Another important term is the maintenance recovery period (MRP). This stems from the fact that major preventive maintenance should only be carried out in previously arranged periods. A MRP is defined as follows [21],[27]: A period of a certain specified duration dependent on the maintenance task that is required. The requirement that periodic maintenance tasks be of different durations for minor and major activities would not change. It can therefore be seen that the length of the MRP is flexible and dependent on the previous and the next MFOP, as well as on the extent of maintenance required.

A final term that is generally relevant is the failure-free operating period (FFOP), defined by Brown and Hockley [21] and Mitchell [18] as "A period during which the equipment shall operate without failure, however, faults and maintenance both planned and unplanned are permissible, i.e. all planned operations and cycles are completed unchanged". Figure 3 shows an ideal MFOP cycle including FFOP. Each MFOP is a finite period of operation that is followed by a MRP of specified duration.



4.2 Explanation of MFOP - the paradigm shift

For a better understanding of the approach, a brief analysis of the fundamental concept of MFOP is given here.
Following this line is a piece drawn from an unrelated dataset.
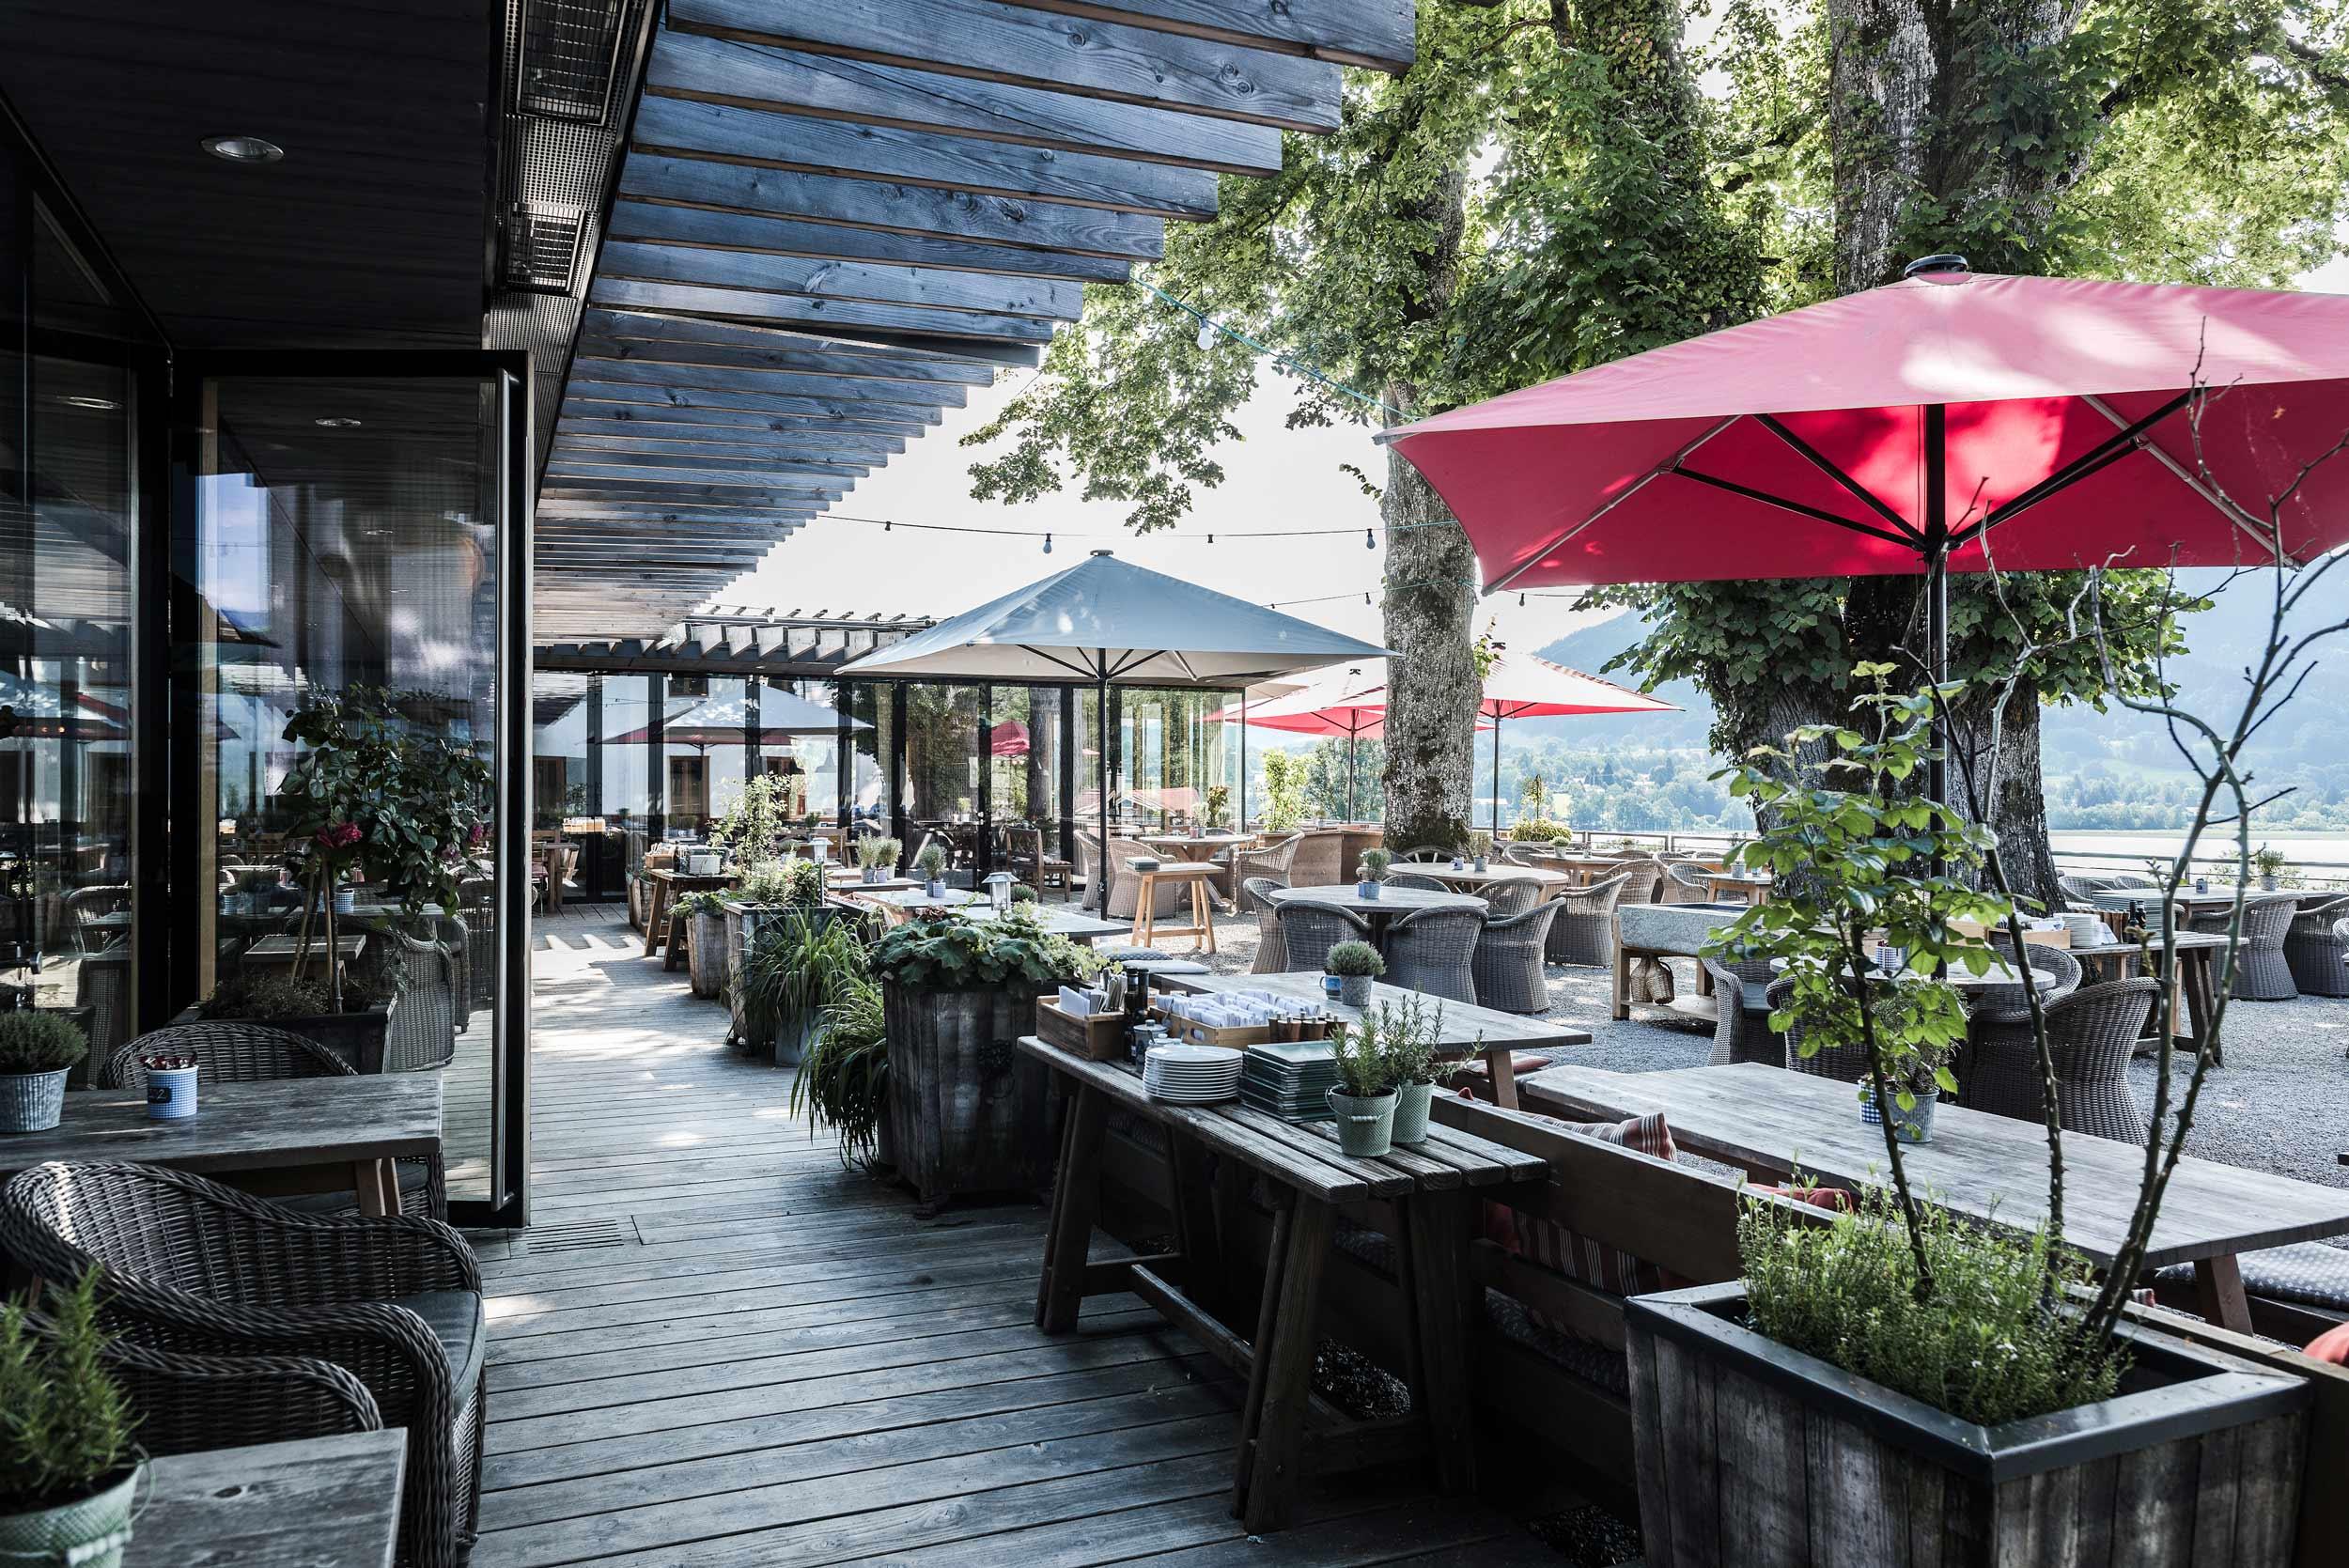 zimmerei-stoib-holzbau-holzhaus-gut-kaltenbrunn-tegernsee-festsaal-restaurant-fassade-sanierung-käfer-biergarten-terrasse-21.jpg

As previously stated, MTBF by definition accepts failure, thus inducing corrective maintenance activities. This in turn has a negative impact on the total life operating cost. Taking this into account, it would be advantageous to be able to guarantee a certain MFOP; this would decrease corrective or unscheduled maintenance, thereby reducing the total life cycle operating cost of the system. In this regard, MFOP amounts to a maintenance philosophy that builds on the operational requisite of needing periods of guaranteed availability and reliability.

Long [23] mentions that the MFOP methodology drives change in three areas: design, operation, and maintenance planning. Three main pillars are used by MFOP to achieve success in an operating environment with minimal maintenance: failure anticipation, avoidance, and maintenance delay. A key contrast between MFOP and MTBF is the fact that MFOP assumes, from the beginning, that success is attainable and that the probability of success can be accurately forecast. MFOP specifies customers' needs in unambiguous terms [21]. Another point by Hockley [17] is that, as MFOP attempts drastically to reduce corrective maintenance and the associated costs, this would substantially increase a company's asset effectiveness and lower the supportability costs of their assets. Figure 4 shows some motivators for the application of MFOP as a reliability metric. Included in Figure 4, Brown and Hockley [21] make the point that by applying the MFOP methodology, maintenance needs would be more accurately known, thus decreasing the logistical footprint and spares consumption. These points about the respective approaches of MTBF and MFOP are summarised in Table 1.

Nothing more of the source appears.